Se trataba ahora de averiguar si, como parte de ese «plan», se contrató con recursos públicos a una asesora que, desde la «estructura institucionalizada de poder» de Moncloa, hiciera gestiones al servicio del interés privativo de Gómez y de esta forma proyectase la «influencia» de la Presidencia ante sus interlocutores. Uno de estos fue Reale Seguros, cotizada y regulada, que recibió un correo de la ayudante en el que se le pedía dinero -«a Begoña le encantaría»- y concluía con sugerente elocuencia: «Dispuestos a colaborar con vosotros en lo que necesitéis». Estos son los hechos, delictivos o no, pero expresivos de una anomalía. Tan anudados están al presunto tráfico de influencias, que se entiende mal que el juez los desgaje del cuerpo principal con una imputación por malversación: la Audiencia le advirtió en junio de que ni la asesora ni la esposa del presidente pueden cometer ese delito.
Pero la novedad más espectacular está en la posibilidad, hasta ahora no advertida, de que la esposa del presidente sea enjuiciada ante un tribunal del jurado formado por nueve ciudadanos.
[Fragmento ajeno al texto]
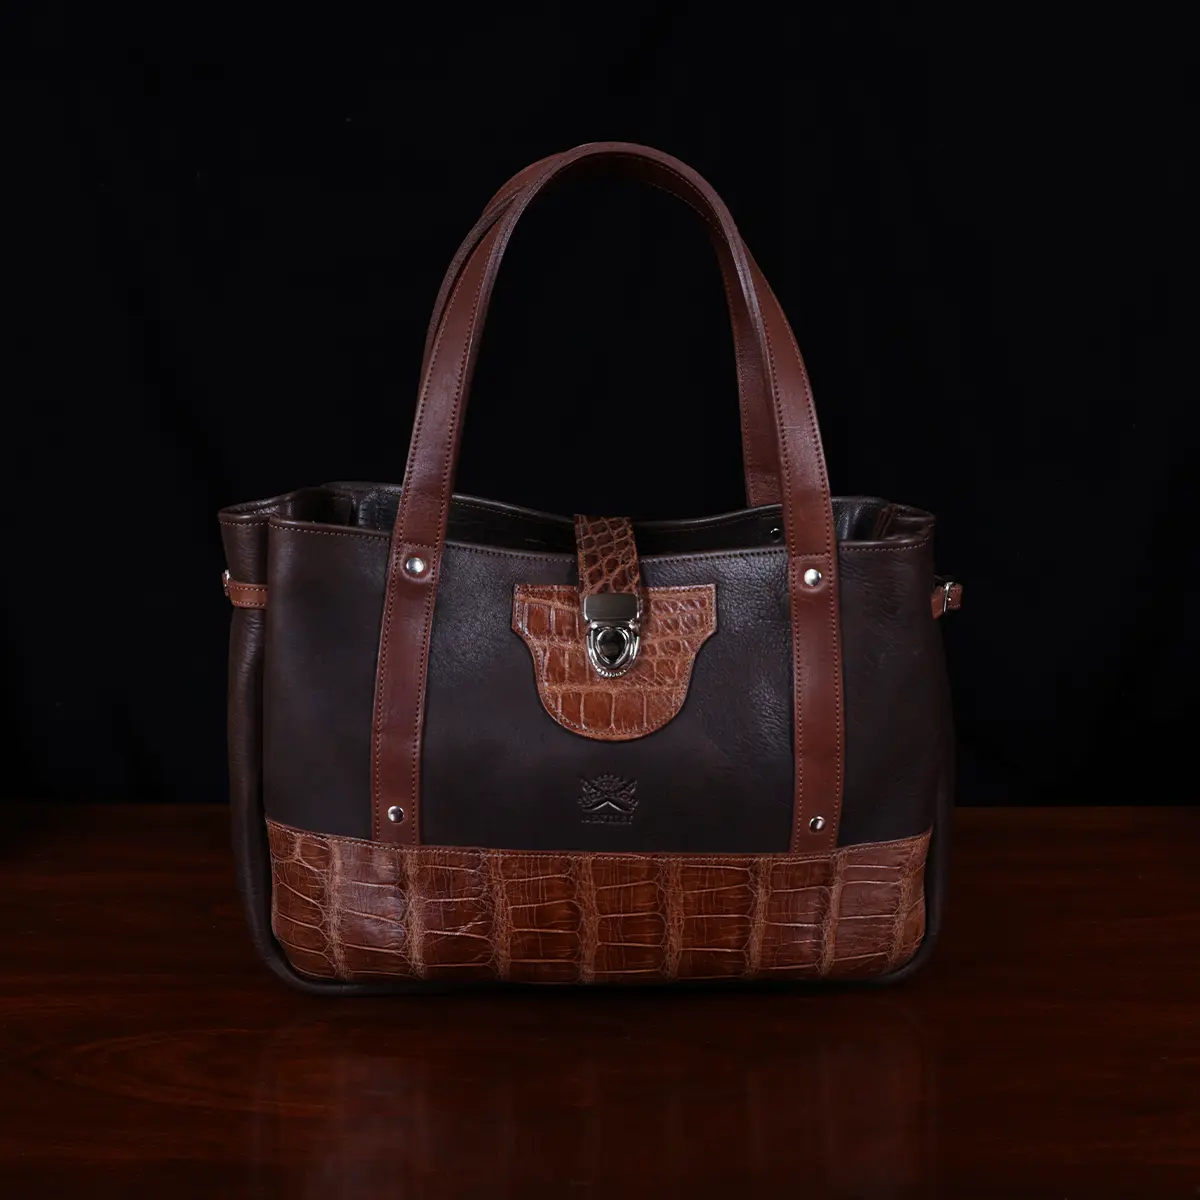 Leather Bentley Tote in dark Tobacco Brown American Buffalo trimmed with American Alligator and Vintage Brown Steerhide - Front View on black background

Así ocurriría aunque a la malversación le acompañase el tráfico de influencias siempre que Gómez fuese encausada junto a su asesora y/o el actual delegado del Gobierno. Ese formato convertiría el caso en un plebiscito emocional de alto voltaje: la horma de su zapato para Sánchez. El jurado dramatizaría el proceso y lo haría hipertelevisivo y electrizante: como en tantas películas americanas, la prueba se traduciría a puro storytelling, comprensivo y persuasivo. Los hechos quedarían inevitablemente expuestos ante la clara luz de la opinión pública. Las críticas desde el aparato gubernamental al jurado sugieren un temor y subrayan su mejor virtud: que se despolitiza la fuente de decisión y se desactiva la acusación de lawfare. Rafa Latorre bromeaba en La Brújula con que el Gobierno sólo aceptaría a la mesa de Mañaneros en el estrado. Cuando, desarbolado el concepto de responsabilidad política, Sánchez se preparaba para desoír eventuales condenas, en el horizonte se atisba un escenario que maximizaría el impacto reputacional. Si lo pierde, claro. Porque si lo gana… ¡ay, si lo gana!